# Piers in January



## jmaster (Jan 11, 2008)

HI all --- I'll be visiting Orlando area next week (Jan 14-18). My only day to fish is Friday until around 3:30. I was planning to drive to the Atlantic coast for some pier fishing -- but which one would you guys recommend? I figure the ones south of Canaveral as far as as, say, Melbourne are easiest and allow the most fishing time.

Any suggestions? And, what if anything is hitting at this time of year?


----------



## saltandsand (Nov 29, 2007)

Welcome to P&S.

If you can do the extra miles and work it into your schedule go here.. http://www.skywaypiers.com/ There are other links, check them out.

I was there last summer on business, while they sat around the pool I caught many fish.

I'll be there in March if I get the time off (maybe give her the keys and they can go to Disney without me....yeah right)

The "Pier" is fantastic.
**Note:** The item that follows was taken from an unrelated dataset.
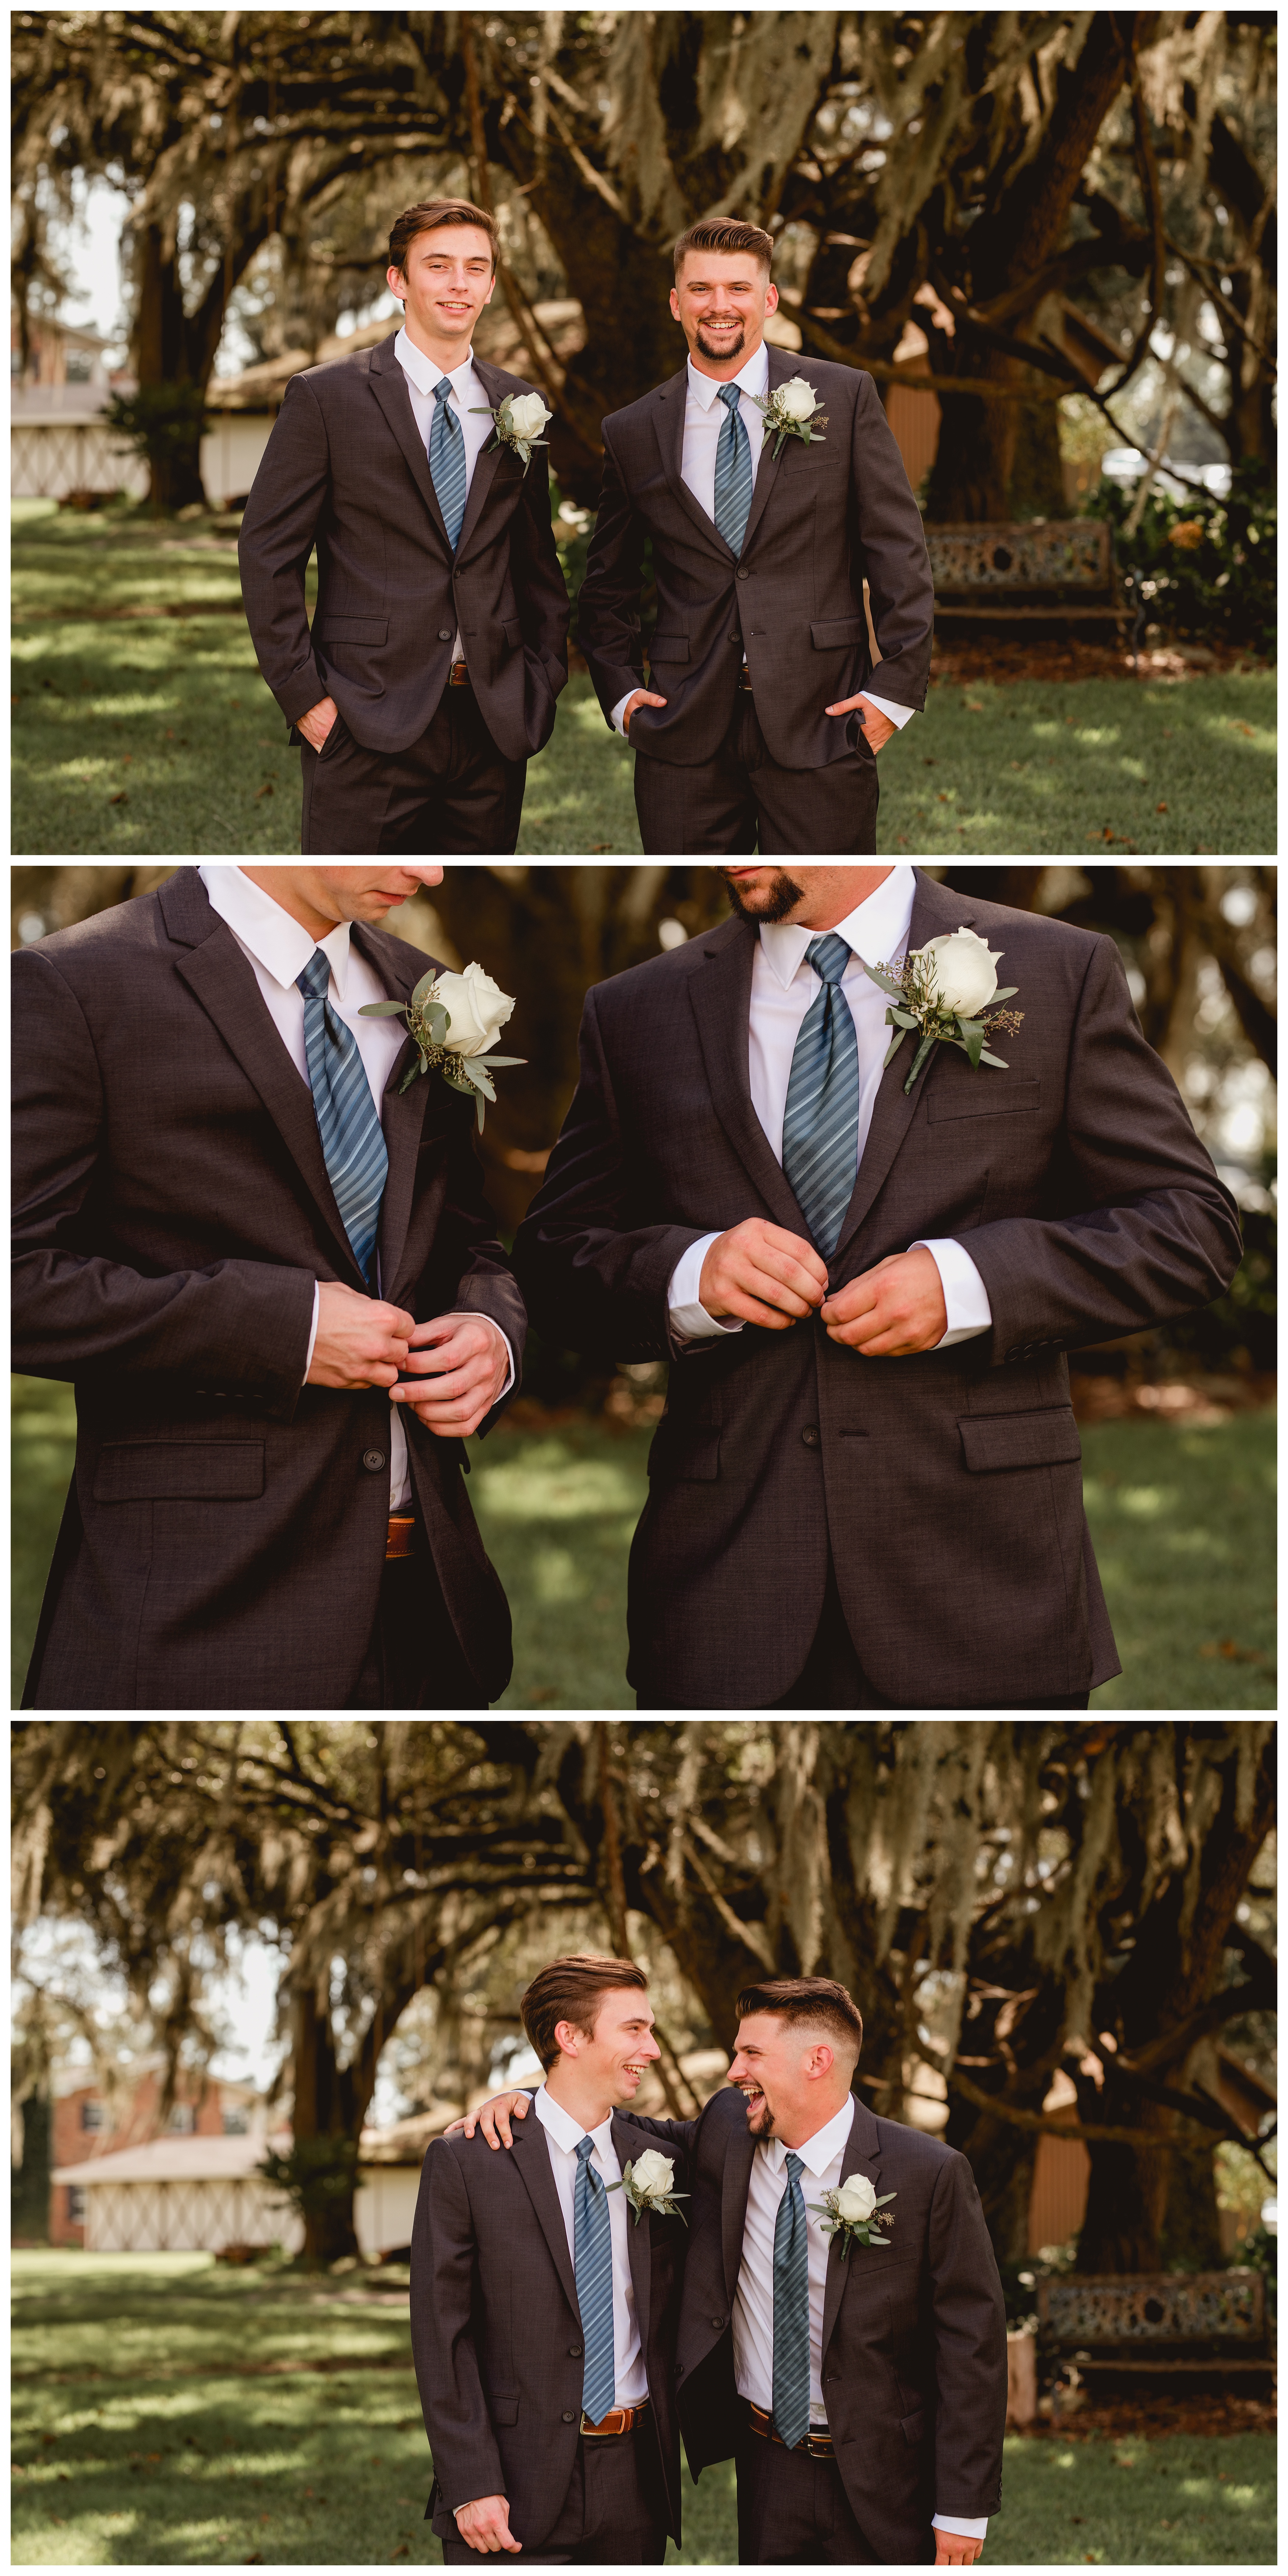 Groom and his best man get ready together in North Florida. Wedding photographer Shelly Williams.
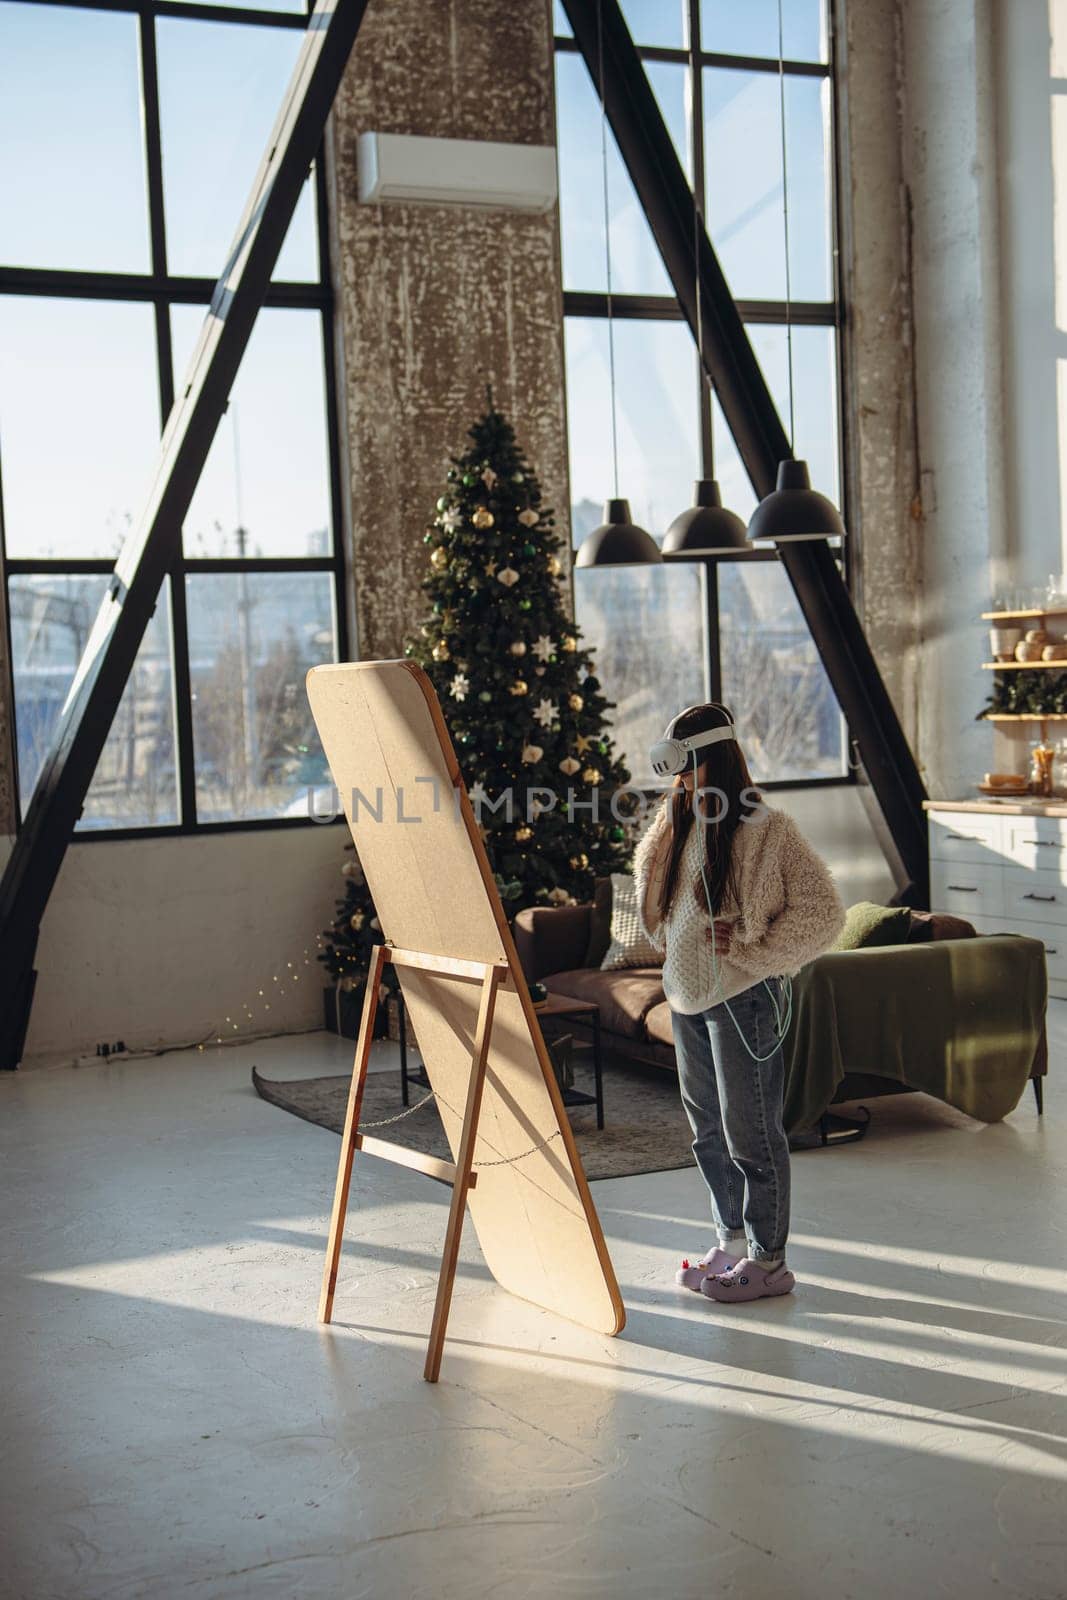 Embraced by the Christmas atmosphere, a young woman in light attire and a VR headset stands before the mirror. High quality photo

Last time I went a taxi dropped me off and picked me up at the rod rental station. Only wish I had my own gear (shhezzz, business trips suck.)


----------



## The Crew (Jul 8, 2007)

I've never been to either yet, but have seen a lot of reports and heard a lot of good things. Skyway is just about as far as Sebastian from Orlando. Either is very good. Sebastian is on the east coast. There is Jetty Park at the North End of Cocoa Beach. A few people have told me that one is ok. I would stay away from Sunglow in Daytona. Rarely have I seen a strong bite there, usually you get skunked there.
Good luck!:fishing:


----------



## HellRhaY (Jul 6, 2007)

if the detour of i-4 going towards to tampa will be done, skyway is one option to look at. right now it is close due to a 70 car crash on 1-4 just outside orlando.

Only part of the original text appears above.